Allí estaban todas esas madres que crían a sus hijos en español mientras la escuela los instruye en inglés. ¿Qué podía salir mal, si una madre era capaz de saltarse cualquier barrera idiomática para amar al hijo?
Hace ocho meses, mi vida era bastante distinta. Tenía plantas, había perdido a mi perro, por las mañanas tomaba aire puro en mi patio y coordinaba peñas de poesía a las que asistían muy pocos. Escribía, también escribía. Y me agradaba estar en mi casa, solo que no conseguía empastar, toda yo, con la idea de permanecer. No me pasaba por la cabeza.
Había estado con periodistas. Había estado con un carnicero, un abogado, un estibador, y hasta un antropólogo. Solteros y casados. Feos, menos feos, guajiros, buenorros, con o sin plata. Intelectuales y seborucos. Buenagentes. Con penes grandes y pequeños. Había tenido ideas locas de mudarme con alguno de ellos, aunque implicara permutar de ciudad. (A una ciudad con metro, si soy sincera).
Pero todo lo que quería era trabajar y traer el pan a la mesa. Mantener unos mínimos ahorros para ese futuro que nos lacera el presente, nos lo aprieta.
Ahora, una pandemia después, estoy en un país de habla inglesa, con un novio de habla inglesa, preocupada por si mis hijos van a ser angloparlantes, y si acaso será traducible, de mi lengua madre a la lengua de mis hijos, todo el amor que tengo para profesarles.
No, no estoy embarazada. Pero desde hace un tiempo sueño con niños. Y desde hace un poco menos, pienso en lo raro que sería para mí, lengua madre, tener un hijo que se críe en lengua hijo: lengua migrante, lengua trastocada por el desarraigo y el horizonte partido a la mitad, entre la que pudo ser y la del futuro.
No sé qué hago pensando en eso, la verdad. Mucho menos ahora, que debo enfocarme otra vez en llevar mi pan a la mesa para seguir siendo una mujer independiente.
No sé, tampoco, por qué pensar en hijos si todo lo que siento al abrir esa ventana es dolor: he abortado cuando mejor era el tiempo para florecer; he abortado las veces suficientes como para alarmarme por estos nuevos pensamientos.
¿Qué es abortar?
No sé si esté lista para hablar al respecto. ¿Algún día lo estaré?
“Tener hijos ahora es atraso”, llegué a decir. El pretexto siempre fueron los estudios, que eran aquel “ahora”. Lo cierto es que después de la Universidad no he vuelto a salir embarazada.

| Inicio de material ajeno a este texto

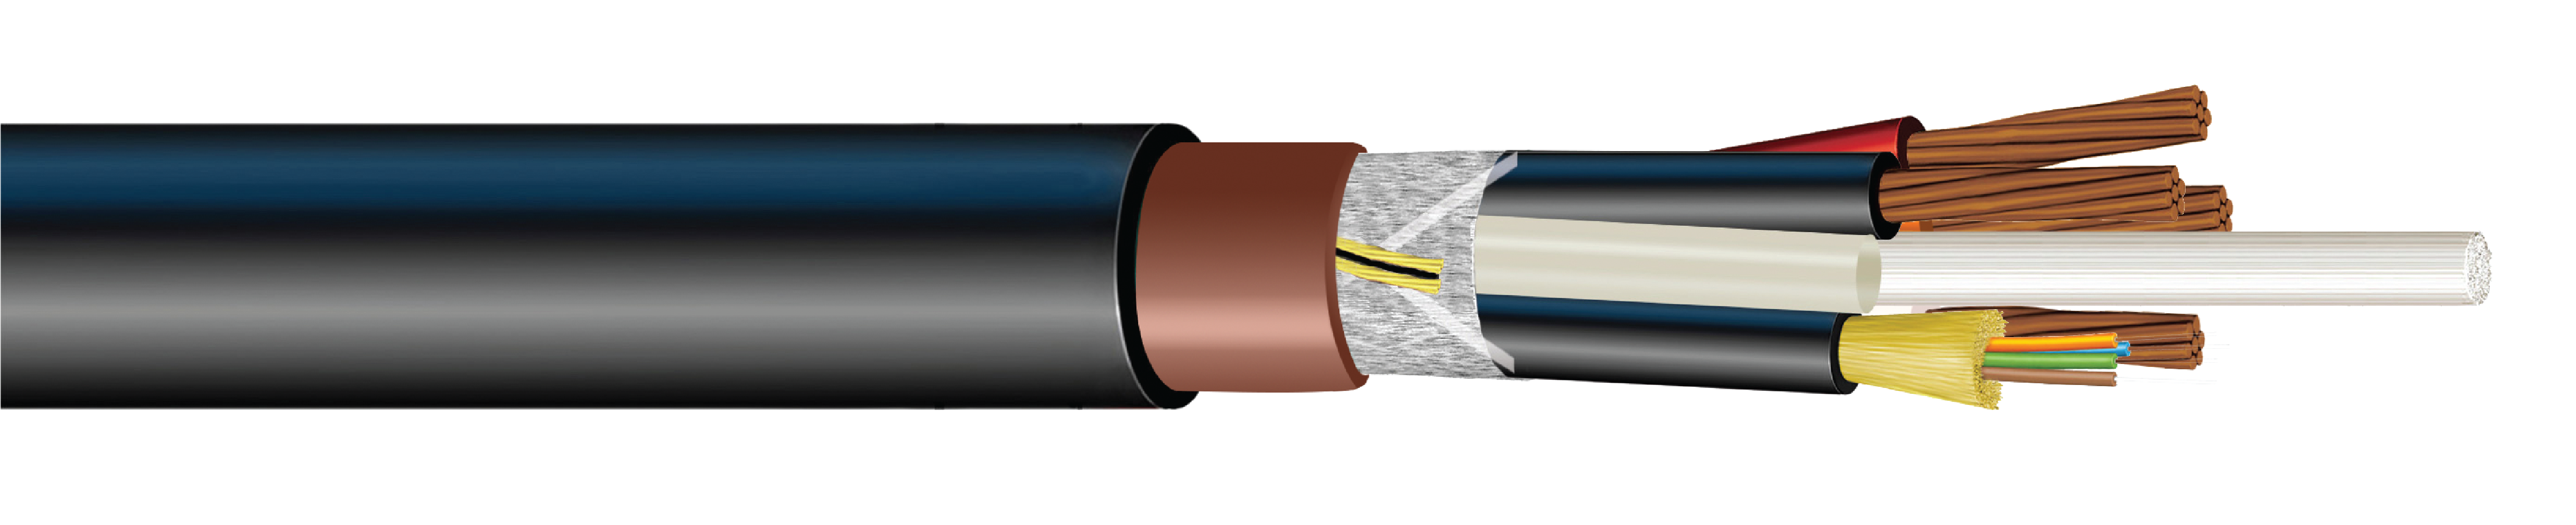 4G Hybrid Fiber-Copper Cable Fiber and Copper FTTA wireless Cable
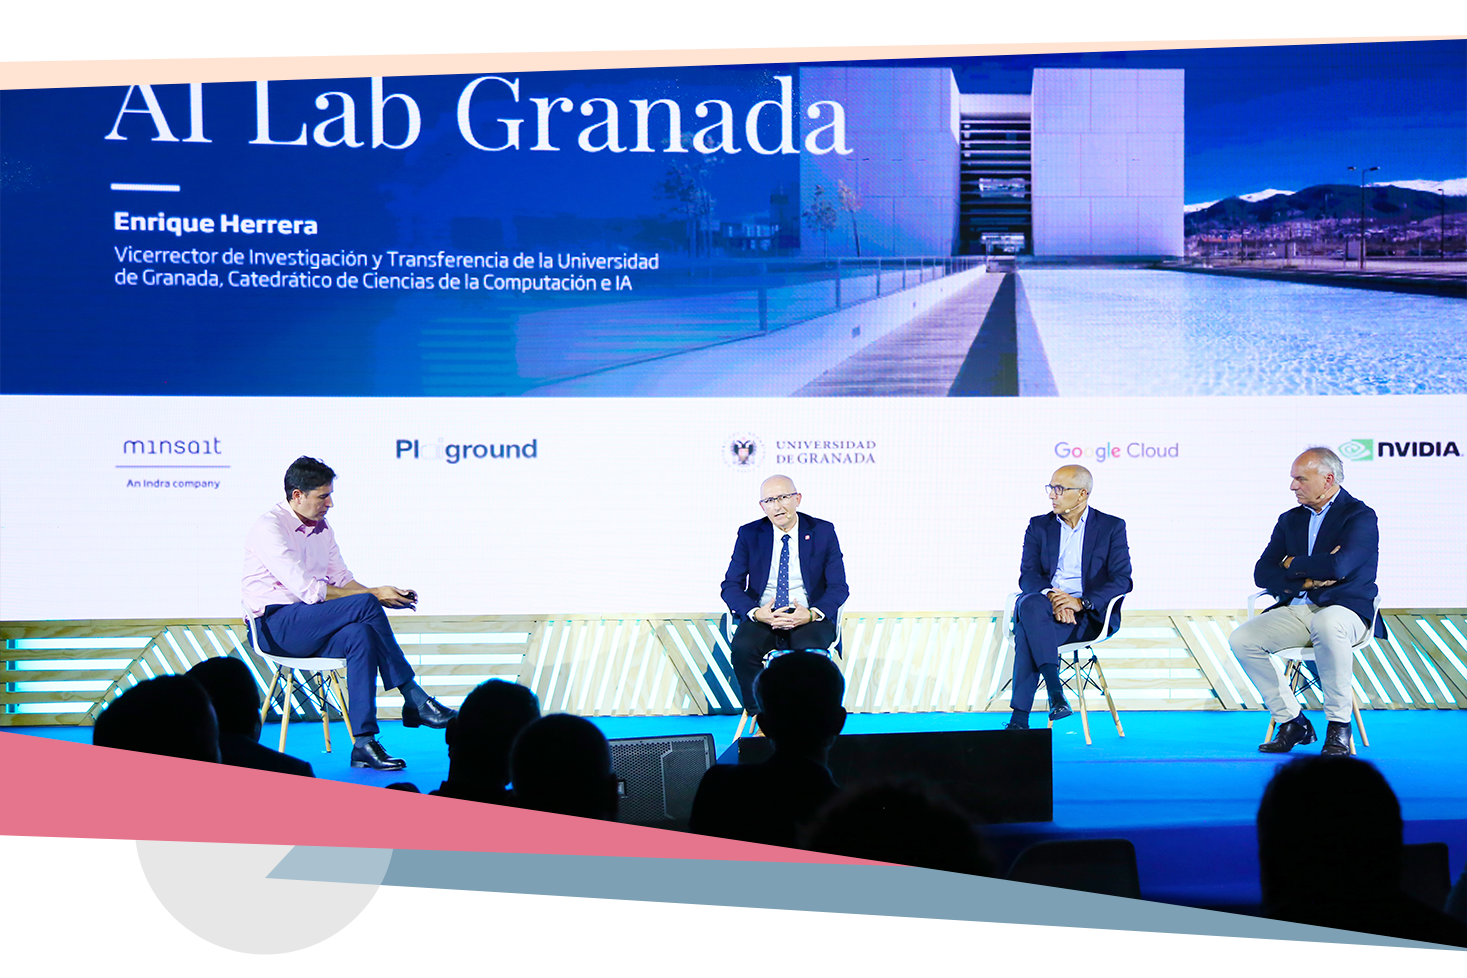 José Luis Flórez, responsable de Plaiground, participando en una mesa redonda en el AI Lab de Granada

¿Me habré graduado de mujer? ¿A cuántas nos habrán condenado diciéndonos que el aborto no es un método anticonceptivo? Y obviamente no lo es, pero el mal chiste lo sufrimos como otra violencia encima del dolor mismo, físico y mental, que produce arrancar un hijo del vientre.
Recuerdo el día en que regresé a la facultad muy pálida y bastante adolorida. A una persona que me miró preocupada creo haberle hecho esta confesión: “Me acabo de hacer una regulación menstrual”. Una bonita forma de decir aborto, pero que incluyó, en mi caso, sudoraciones, escalofríos, contracciones, y no poder aguantar el orine durante el proceso. Y tener que salir corriendo para usar la taza del policlínico, y sentarme y no tener suficiente papel higiénico, y tener que salir rápido porque la siguiente estaba esperando su turno para abortar.
Todo lo que tengo son 26 años. Y cuatro abortos: tres regulaciones menstruales y una inducción de pastillas abortivas.
La primera vez que oí a una muchacha decir que se había hecho cuatro abortos, me alarmé y pensé lo peor de ella. Yo no tenía entonces ni quince años. Ni diploma de bachiller. Ni número de seguridad social, ni una casa propia, ni otras propiedades a mi nombre.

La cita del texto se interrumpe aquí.